Dataset excerpts:
_ _ _
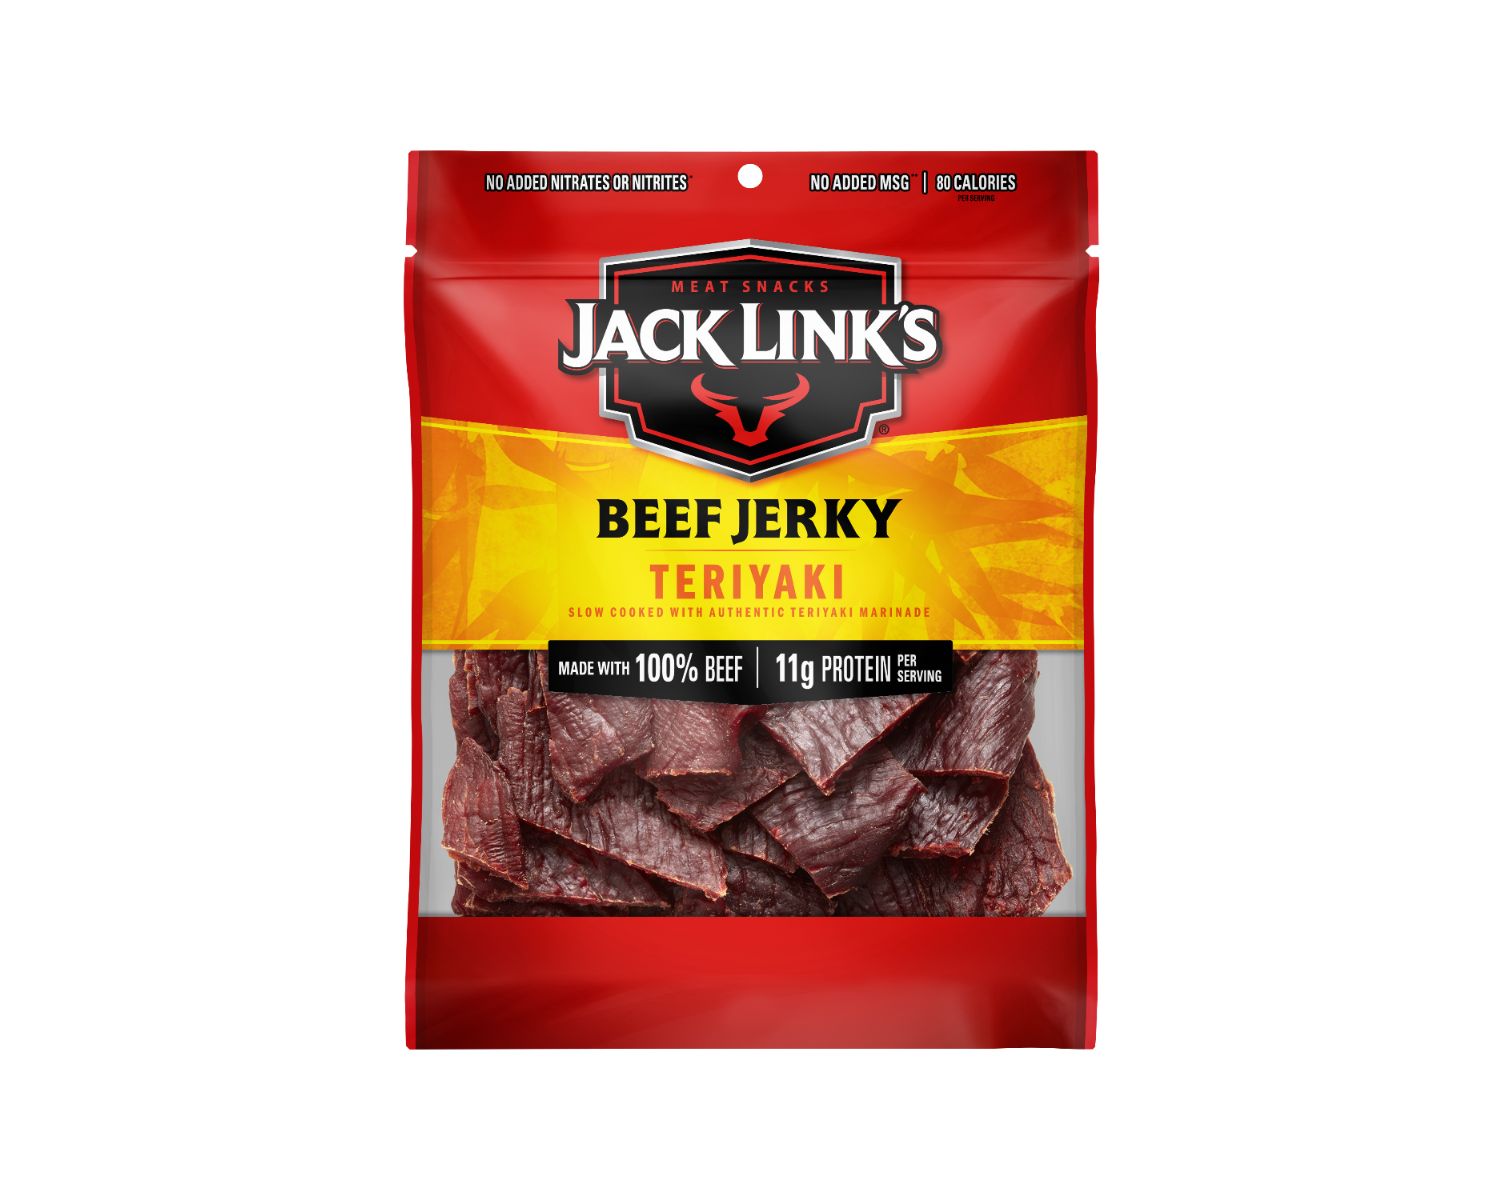 11-jack-links-nutrition-facts
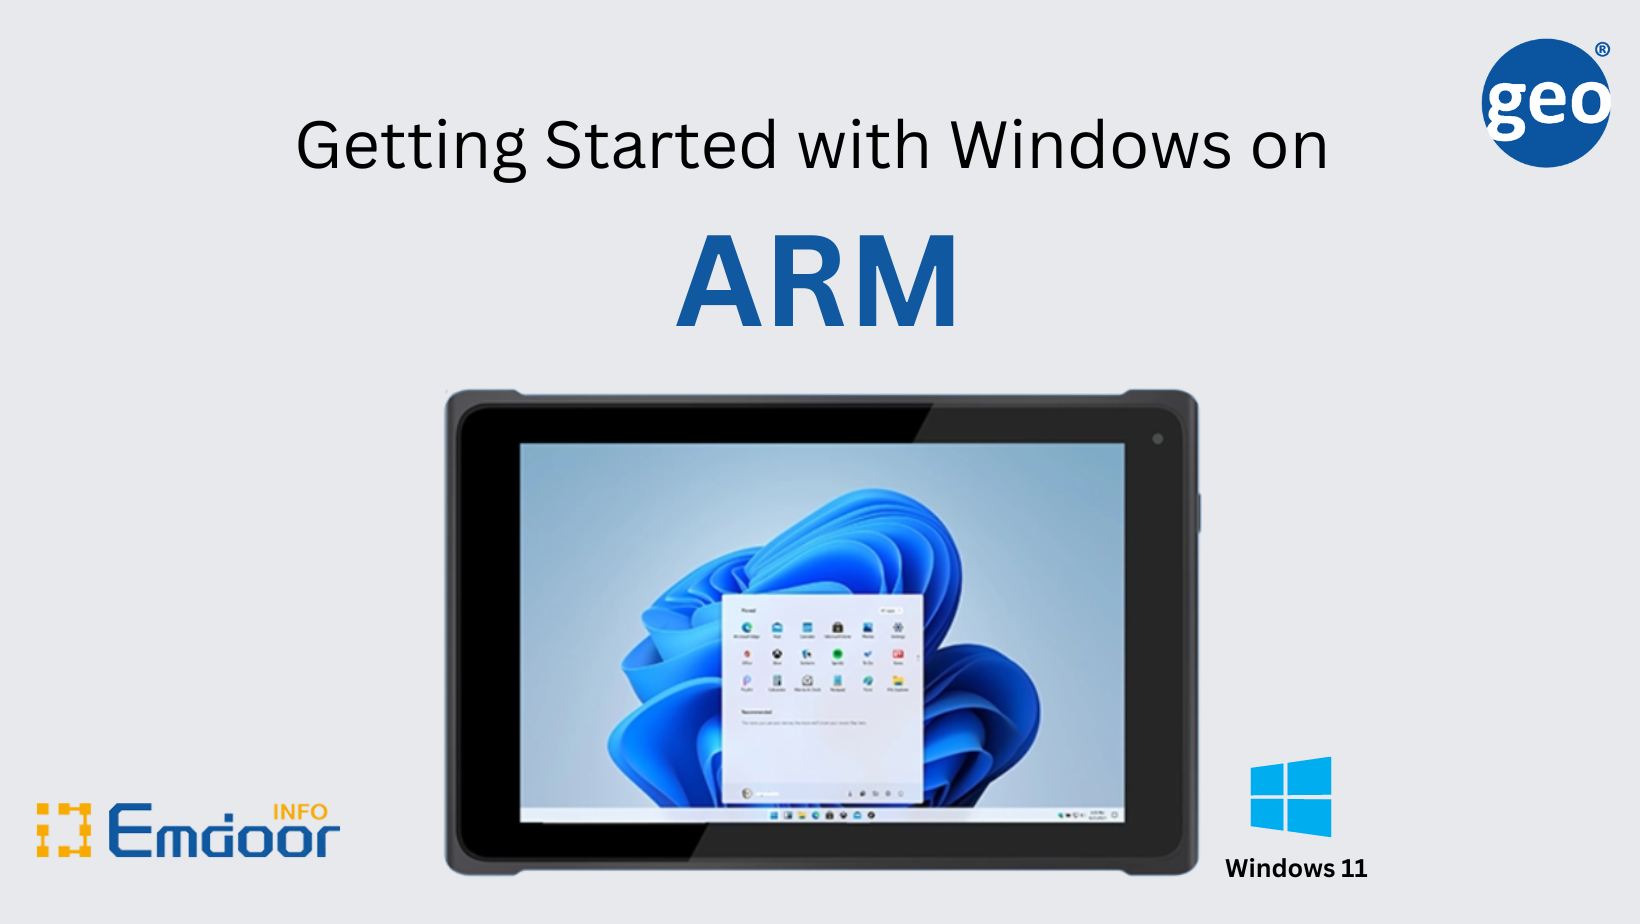 EMDOOR INFO| Windows 11 on Arm devices is now supported in Emdoor devices to deliver the performance you need.
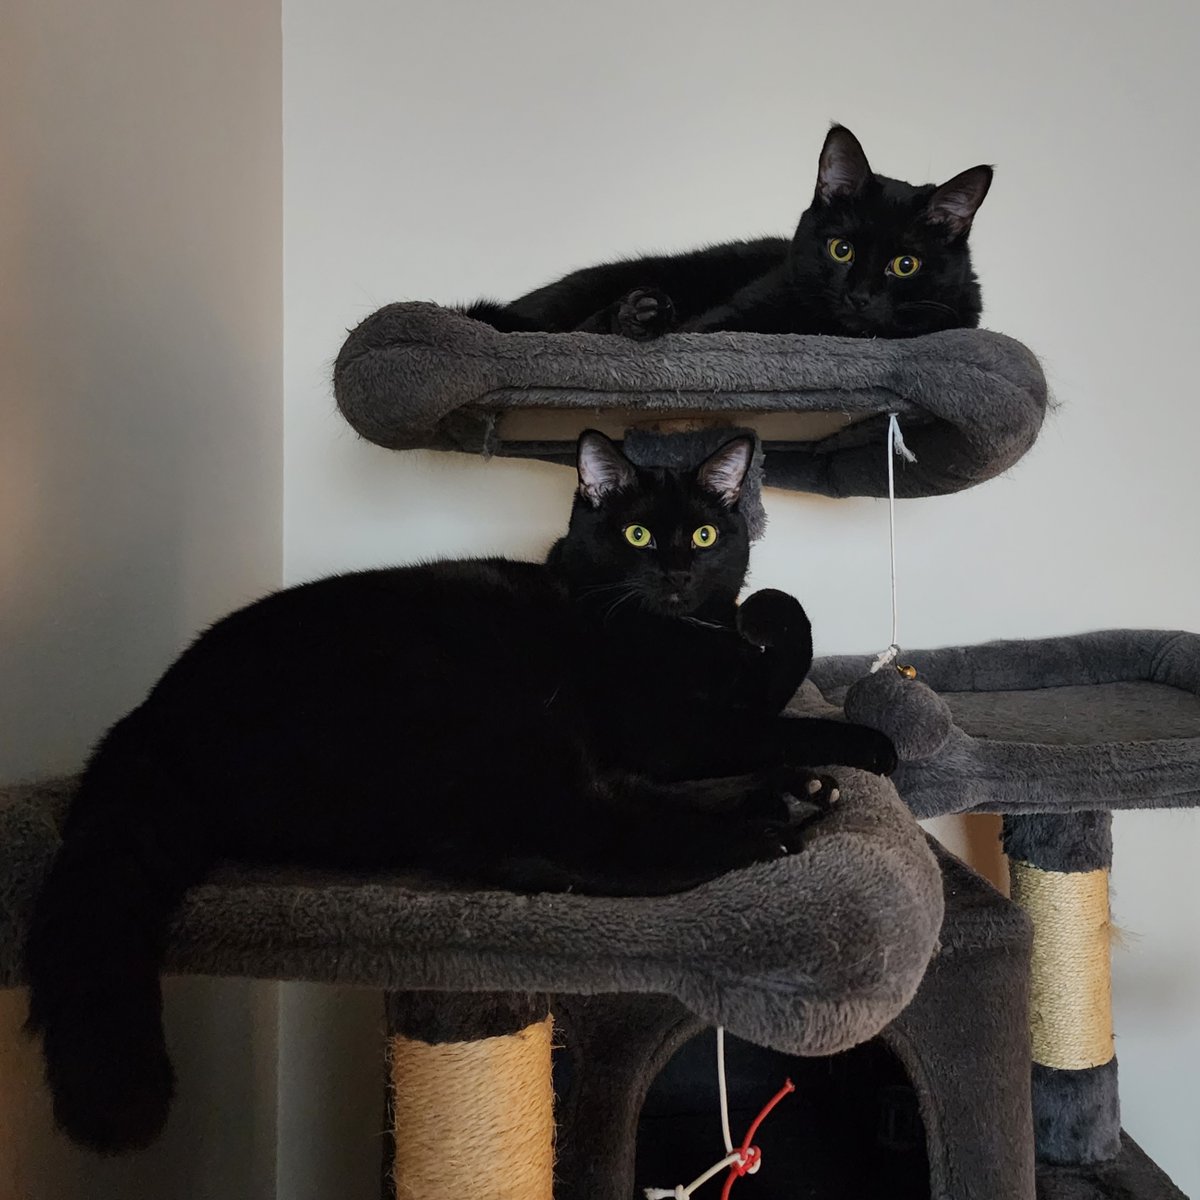 Treats and new toys today, for these two cuties! Partly because their little brother has destroyed most of them, buuut lol... Happy Gotcha Day Lilith and Lucifer! 💚
#adoptdontshop #blackcats #blackcatsofinstagram #cats #catsofinstagram #housepanthers  #lilith #lucifer
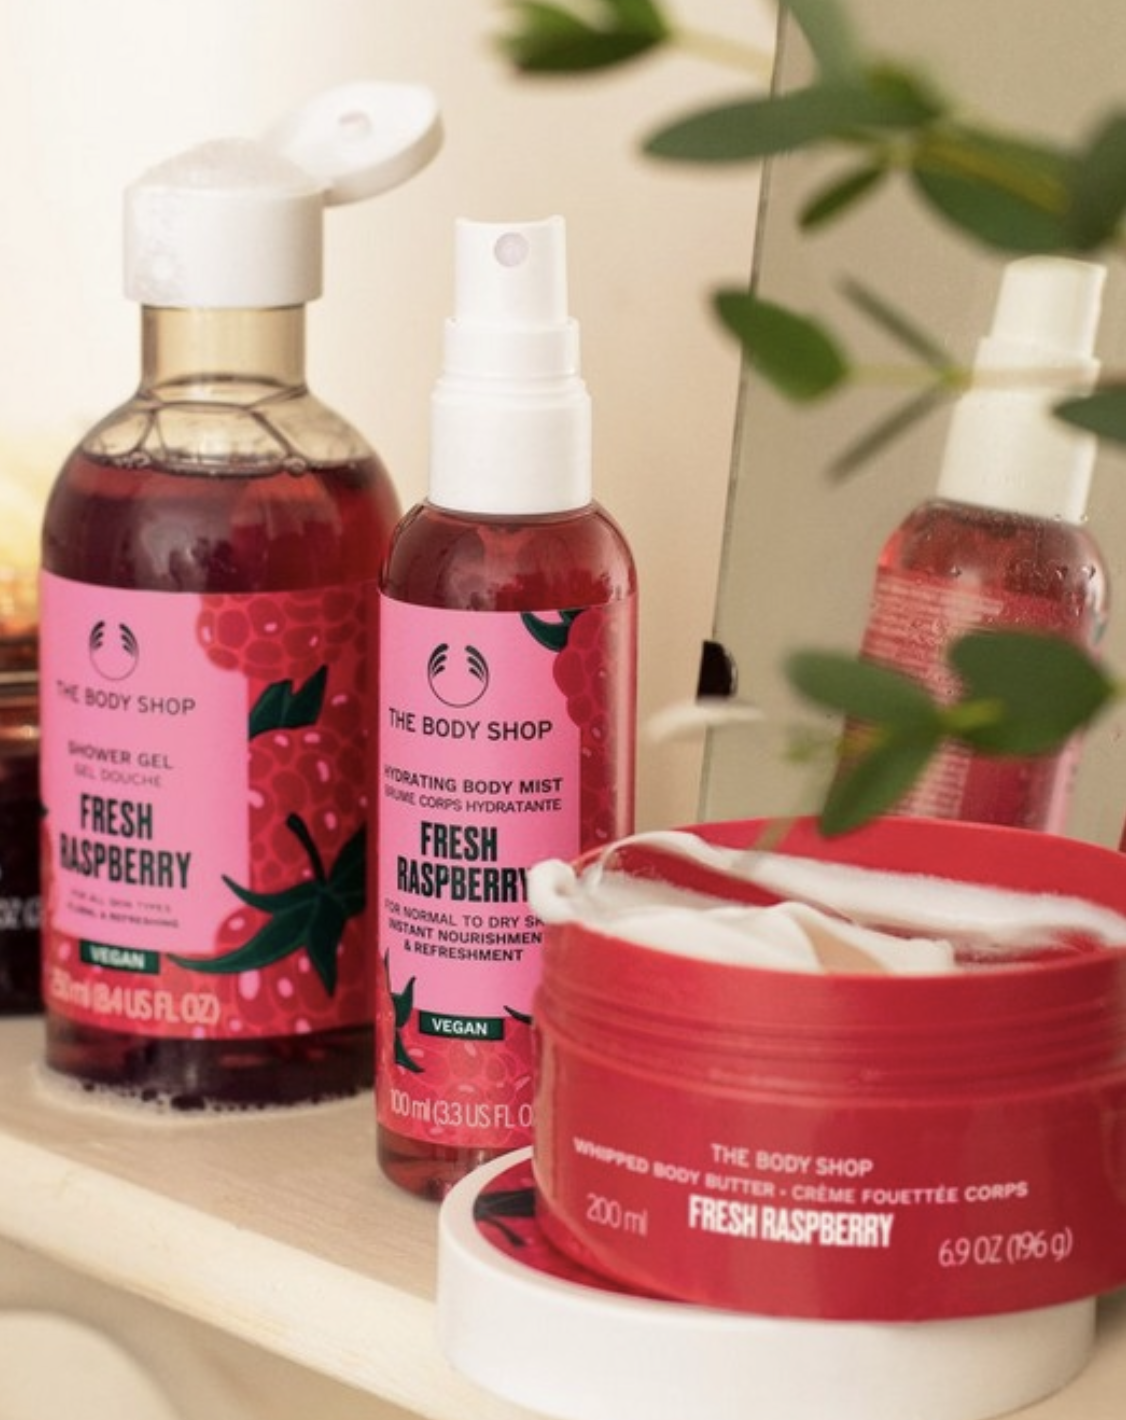 The Body Shop: Up to 60% off sale items
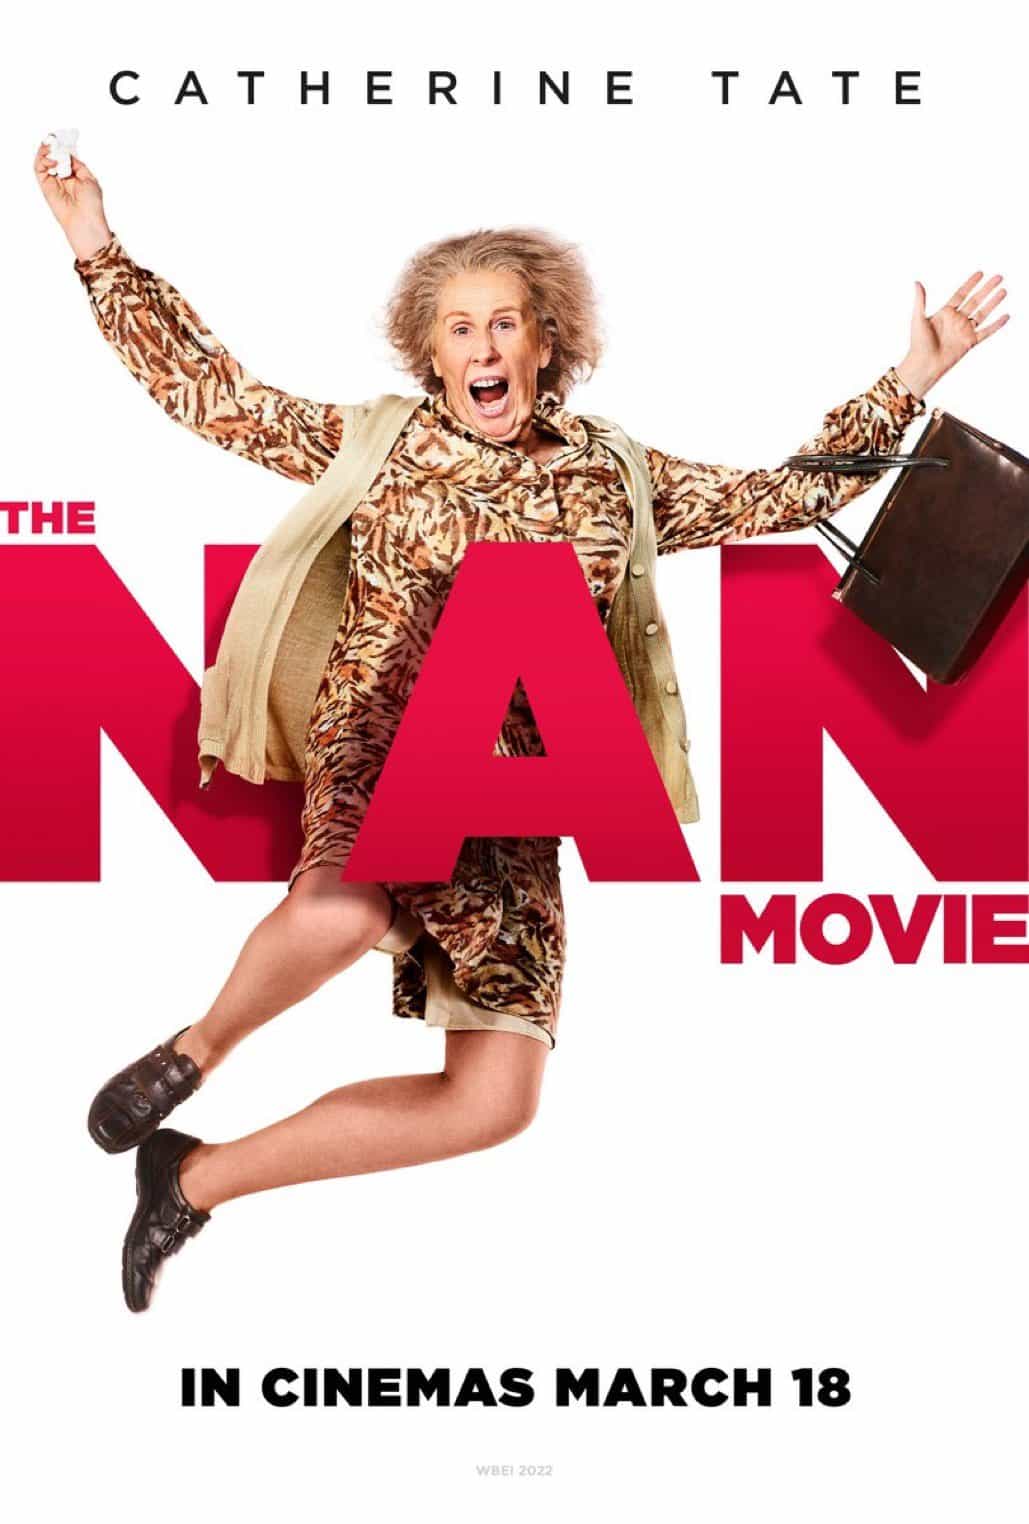 The Nan Movie is given a 15 age rating in the UK for very strong language, drug misuse
_ _ _
YOUR TASK: Pictures stay out of this copy. Retype exactly the lines from the one with "The Body Shop: Up to 60% off sale items" through the last line of the data, both ends included, and nothing more.

ANSWER SPACE:
 The Body Shop: Up to 60% off sale items
 The Nan Movie is given a 15 age rating in the UK for very strong language, drug misuse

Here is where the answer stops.